Apple in the Middle

Front Cover
North Dakota State University Press, 2018 - FAMILY & RELATIONSHIPS - 229 pages
Apple Starkington turned her back on her Native American heritage the moment she was called a prairie nigger-a racial slur for someone of white and Indian descendance-not that she really even knows how to be an Indian in the first place. Too bad the white world doesn't accept her either. After her wealthy father gives her the boot one summer, Apple reluctantly agrees to visit her Native American relatives on the Turtle Mountain (North Dakota) Indian Reservation for the first time.
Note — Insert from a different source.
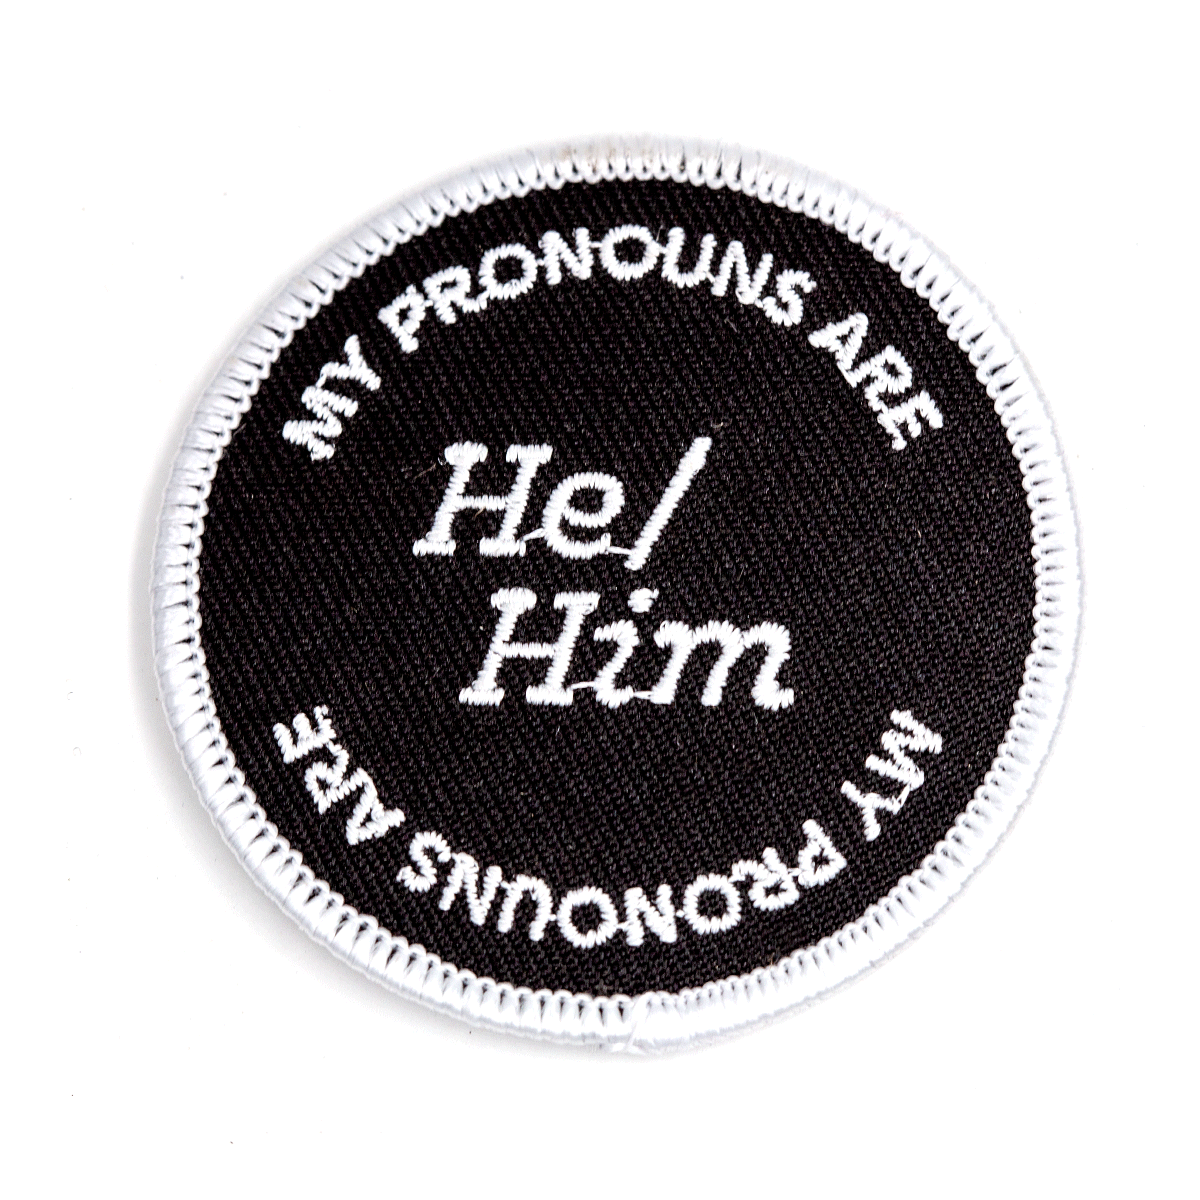 He Him Pronouns Embroidered Iron-On Patch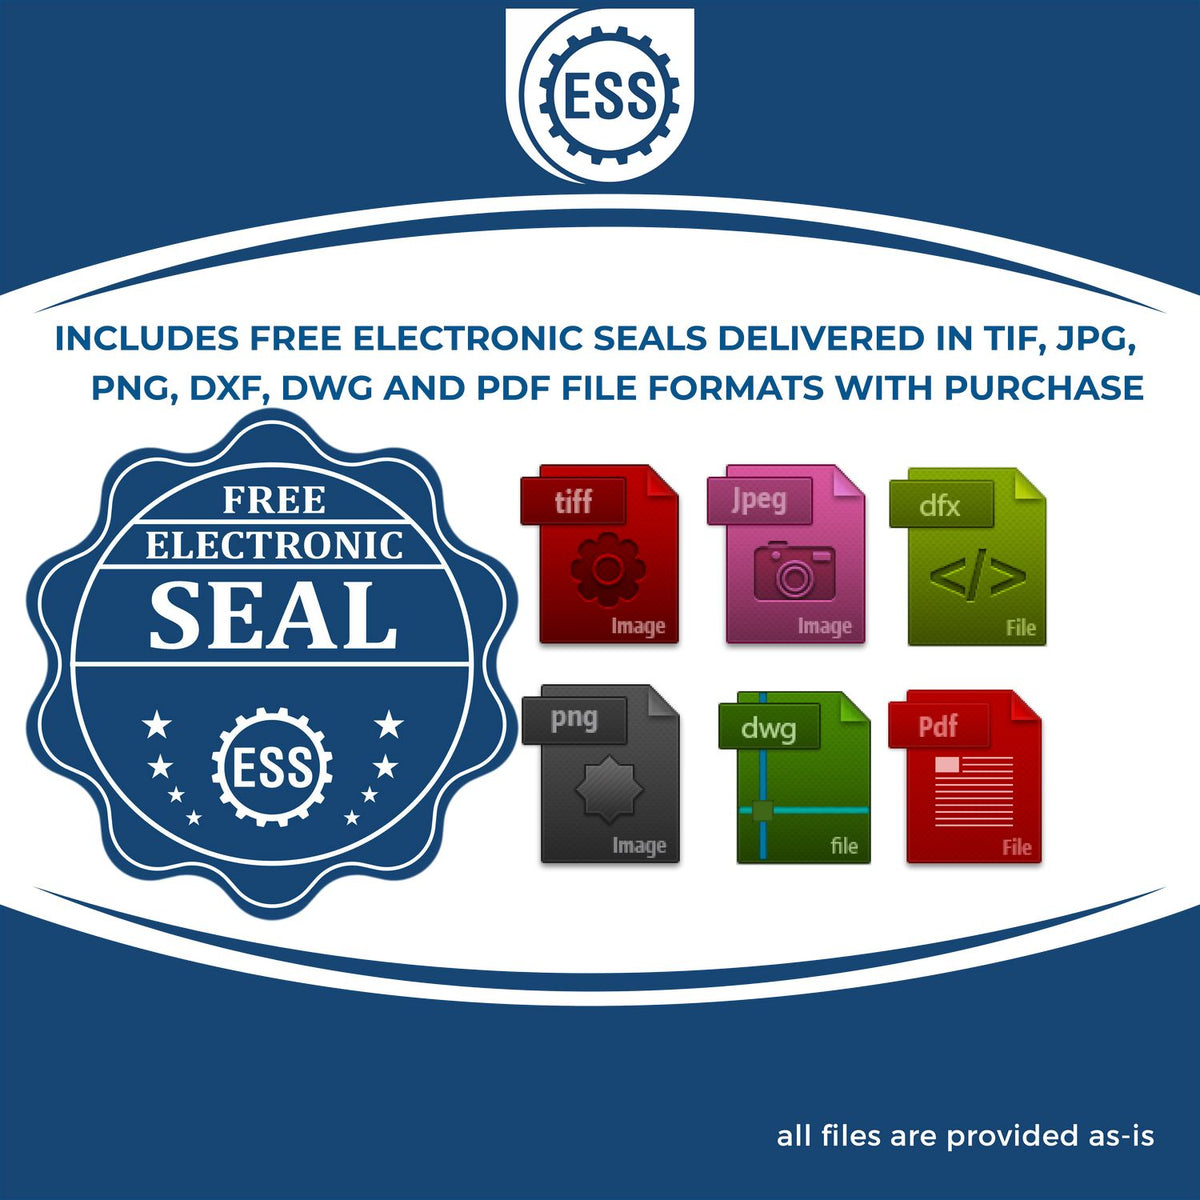 An infographic for the free electronic seal for the Extended Long Reach Mississippi Surveyor Embosser illustrating the different file type icons such as DXF, DWG, TIF, JPG and PNG.

It should have been easy, except that she makes all kinds of mistakes as she deals with the culture shock of Indian customs and the Native Michif language, while trying to find a connection to her dead mother. She also has to deal with a vengeful Indian man, Karl, who has a violent, granite-sized chip on his shoulder because he loved her mother in high school but now hates Apple because her mom married a white man. As Apple meets her Indian relatives this summer, she finds that she just may have found a place to belong. One by one, each character-ranging from age five to eighty-five-teaches her, through wit and wisdom, what it means to be a Native person, but also to be a human being while finding her place in the world. Apple shatters Indian stereotypes and learns what it means to find her place in a world divided by color.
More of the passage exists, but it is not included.